Aphid populations frequently include phenotypes that are resistant to parasitism by hymenopterous parasitoid wasps, which is often attributed to the presence of 'protective' facultative endosymbionts residing in aphid tissues, particularly Hamiltonella defensa. In field conditions, under parasitoid pressure, the observed coexistence of aphids with and without protective symbionts cannot be explained by their difference in fitness alone. Using the cereal aphid Rhopalosiphum padi as a model, we propose an alternative mechanism whereby parasitoids are more efficient at finding common phenotypes of aphid and experience a fitness cost when switching to the less common phenotype. We construct a model based on delay differential equations and parameterize and validate the model with values within the ranges obtained from experimental studies. We then use it to explore the possible effects on system dynamics under conditions of environmental stress, using our existing data on the effects of drought stress in crops as an example.

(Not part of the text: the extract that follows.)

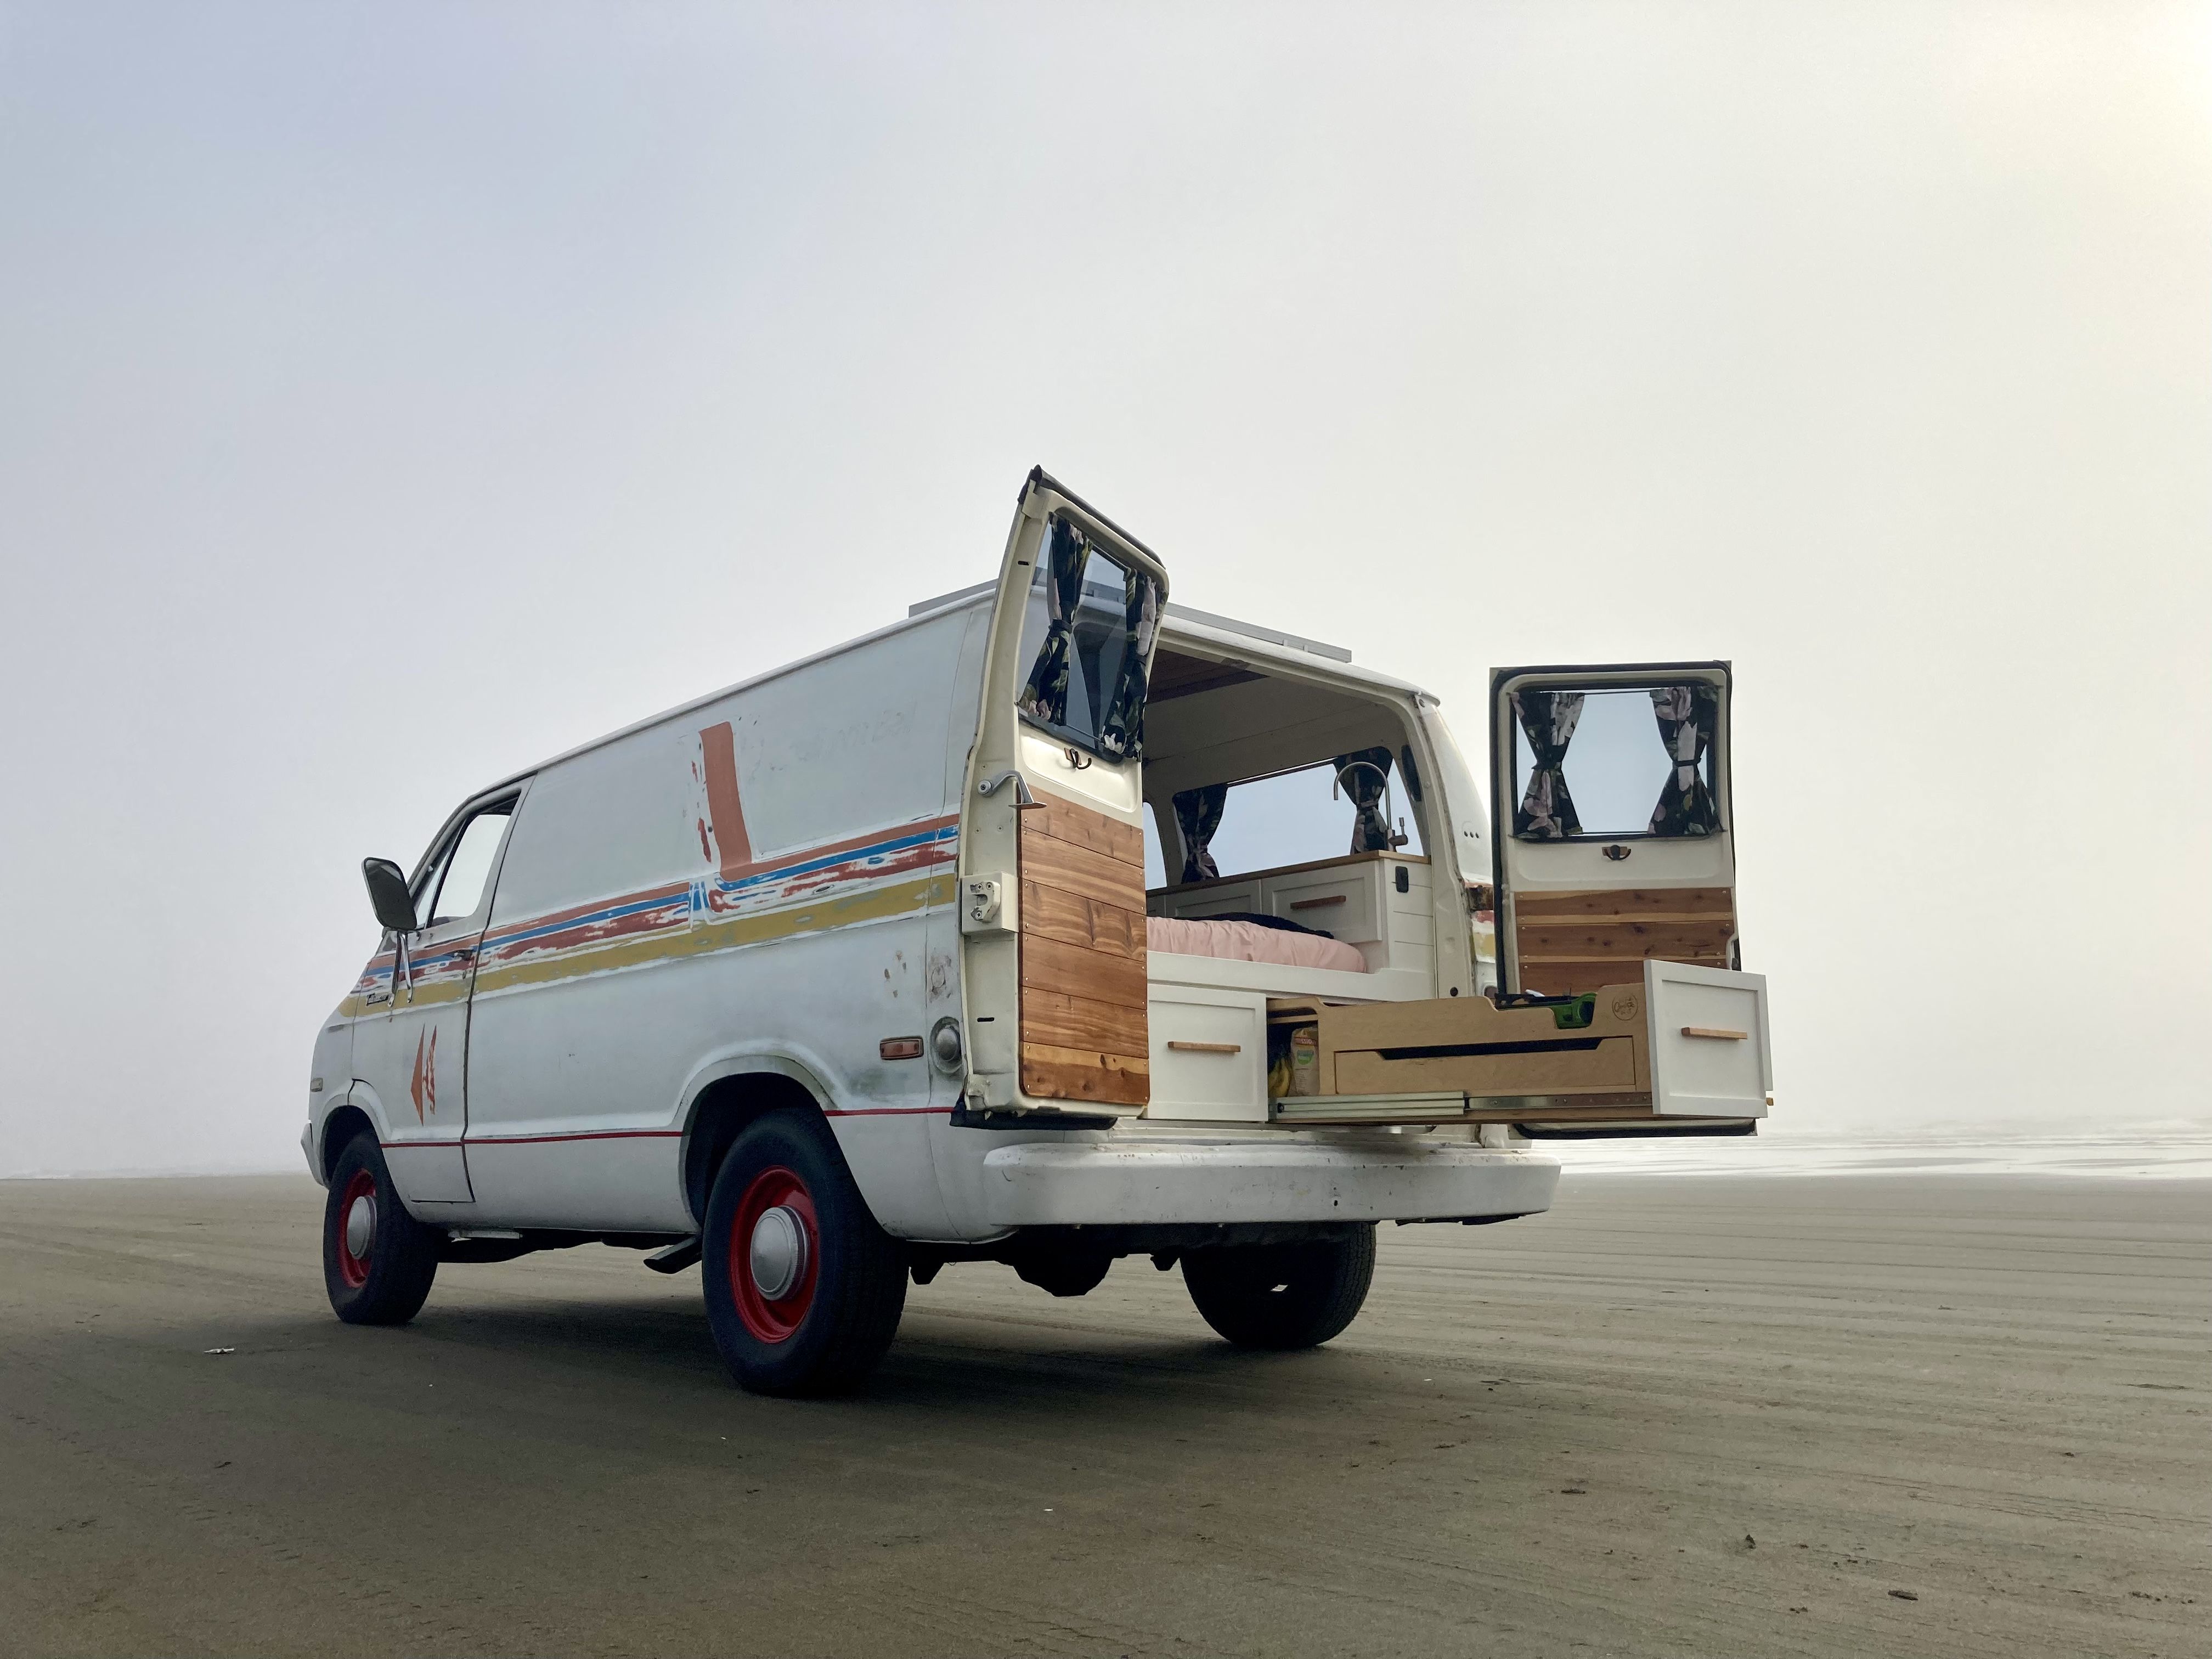 5 Epic Small Campervan Conversions To Inspire Your Next Build

We show the 'switching penalty' incurred by parasitoids leads to stable coexistence of aphids with and without H. defensa and provides a potential mechanism for maintaining phenotypic diversity among host organisms. We show that drought-induced reduction in aphid development time has little impact. However, greater reduction in fecundity on droughted plants of symbiont-protected aphids can cause insect population cycles when the system would be stable in the absence of drought stress. The stabilizing effect of the increased efficiency in dealing with more commonly encountered host phenotypes is applicable to a broad range of consumer-resource systems and could explain stable coexistence in competitive environments. The loss of stable coexistence when drought has different effects on the competing aphid phenotypes highlights the importance of scenario testing when considering biocontrol for pest management.